This statement intrigues me. Back in the day when I learnt a bit about typography it was the Em height that was the basis for defining font co-ordinates and scaling (so that for a 24pt font the Em height would scale to 24 points). Even as recently as CS6, InDesign expected fonts to be sized in points and scaled the Em height accordingly. Has the world of typography turned upside down in the last few years?

I’d be really grateful if you could point me at any articles or papers that would help me get up to date on this.

Regards
Jeremy

Hey @jasper.

Just curious - how to you transfer data back and forth between Rhino and InDesign?

Where are you getting this information from?

Thanks,

– Dale

Hi @jeremy5,

first of I apologise for my somewhat provocative statement. I’m also no professional typographer, but as far as i know the em includes the decendents, which Adobes mm measurement also does - and Rhino doesn’t (see image above). From all I can find the em height is the standard. I did a little testing with the software i got avaliable to me right now and apart from all Adobe products LibreOffice and Apple Pages also use the em height, meaning a 20mm text will always fit inside a 20mm box. A 20 mm text in Rhino won’t.

My feature request is rather simple and I think not too far fetched. I want to be able to create a document in Rhino with 8pt text and another document in any other software with 8pt text and have them end up as the same size. Right now my only solution is to import a PDF i created in Adobe to Rhino, manually measure the cap height and set my Rhino font size accordingly. Somewhat fiddly.

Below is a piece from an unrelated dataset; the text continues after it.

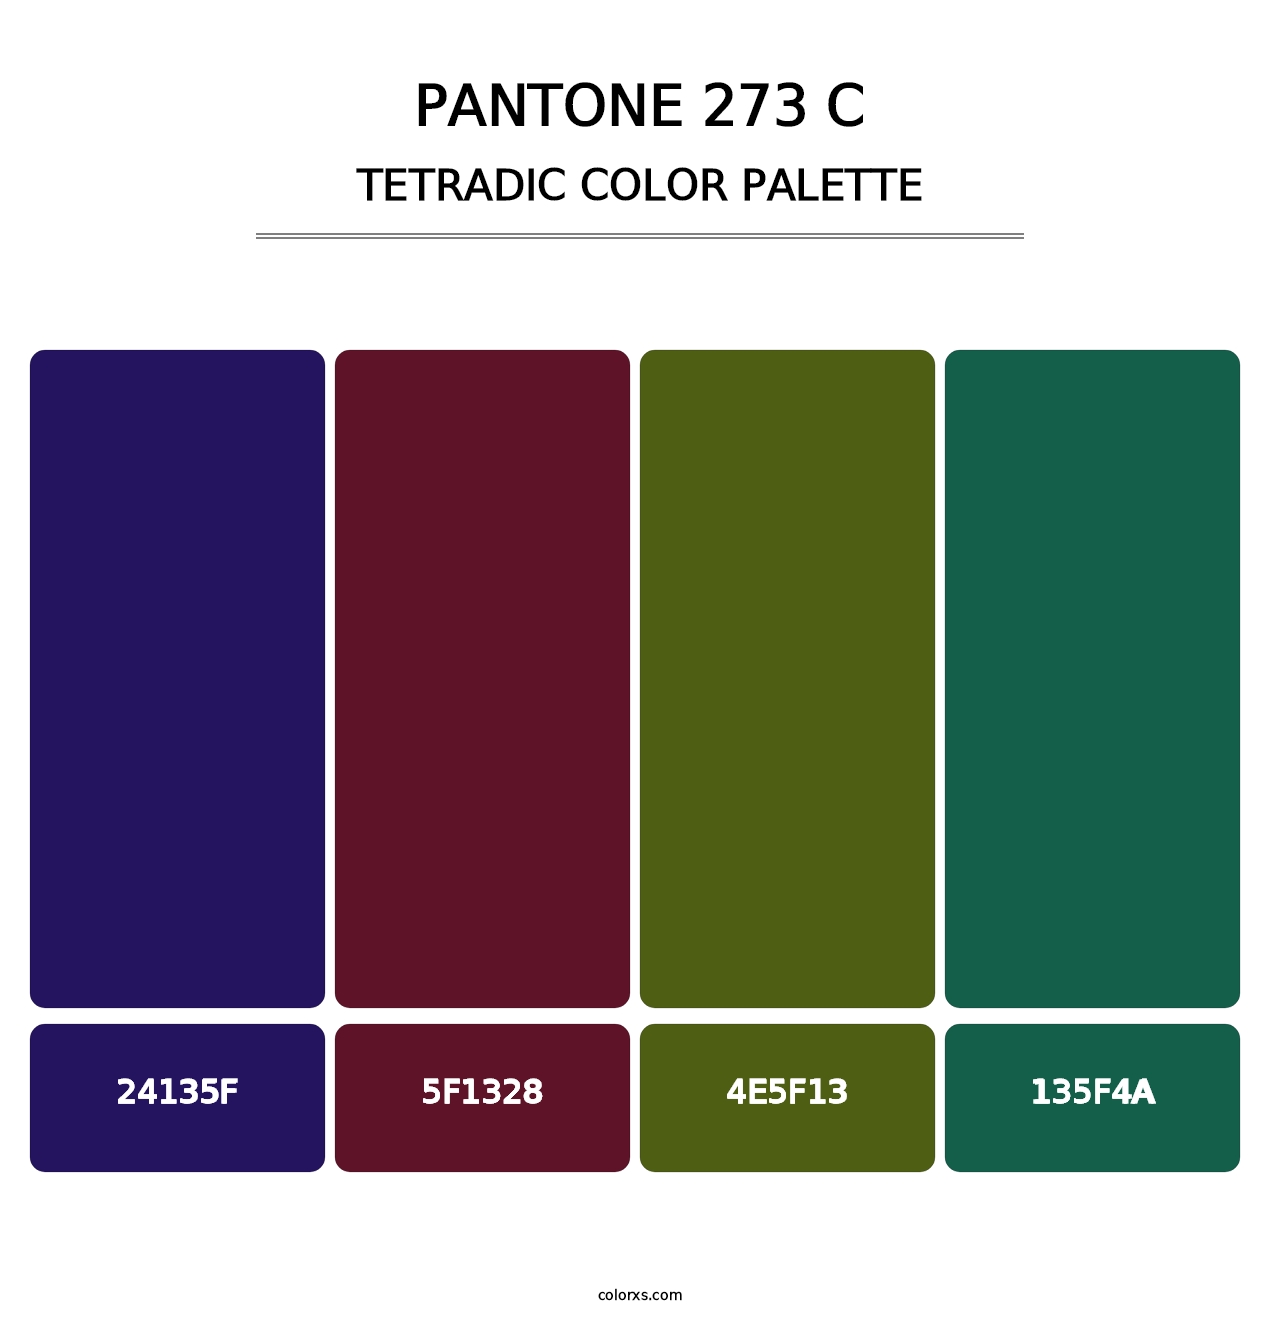 PANTONE 273 C - Tetradic Color Palette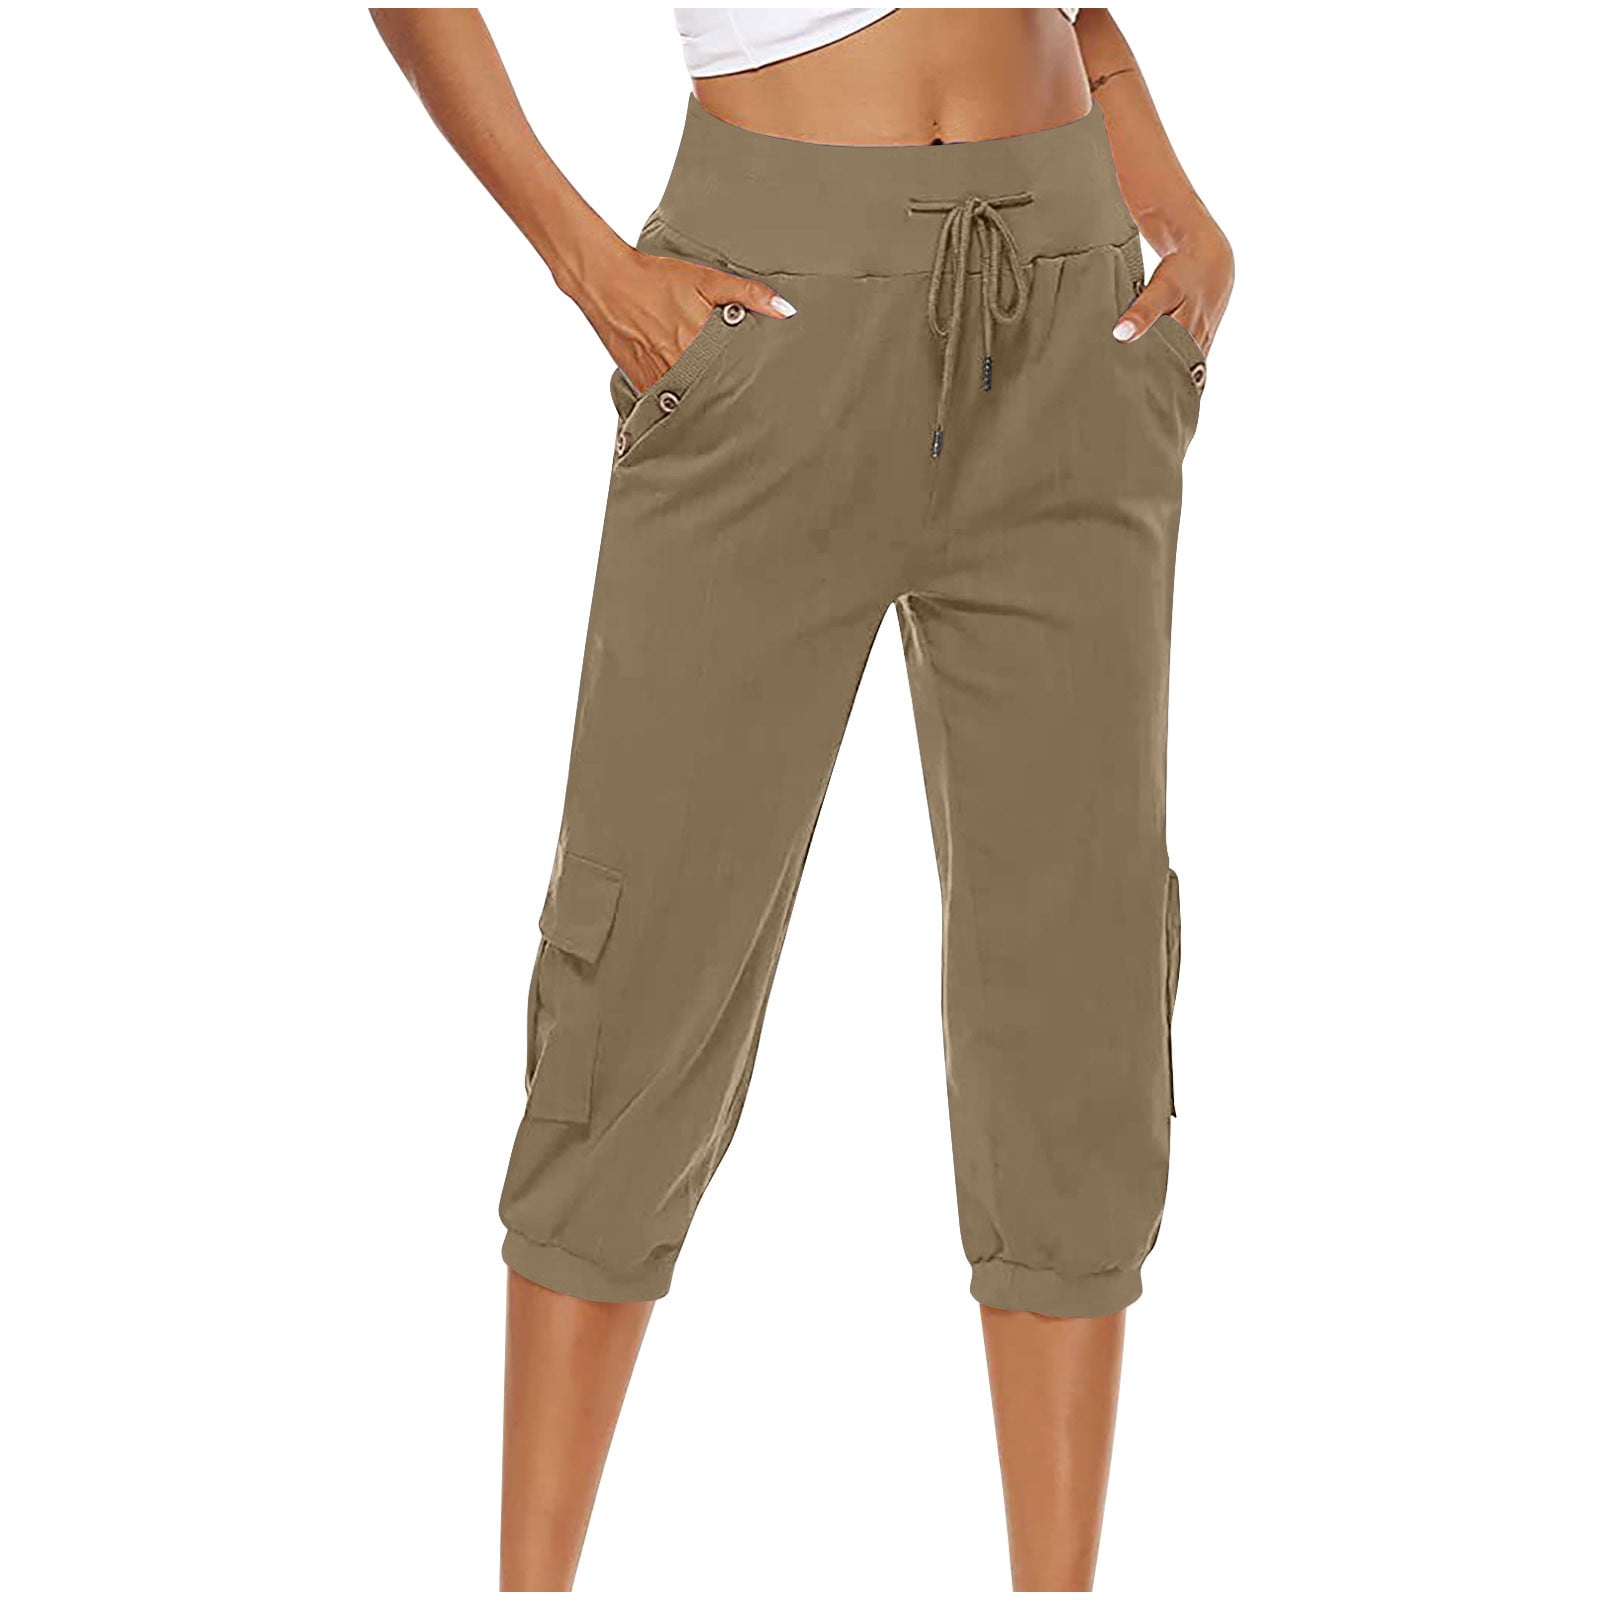 Womens Capris - Walmart.com  Capri pants, Womens capris, Pants

I think it would also be nice (and not too difficult to impliment i’d think, its just a conversion) if in the document settings you could choose between different units to measure fonts (mm, pt, etc…).

Kind regards
Jasper

(I gave this a little edit as i mixed up body height (or hp height) with the em height. The em height seems to be the one that’s most commonly used to define the text size. See image above.)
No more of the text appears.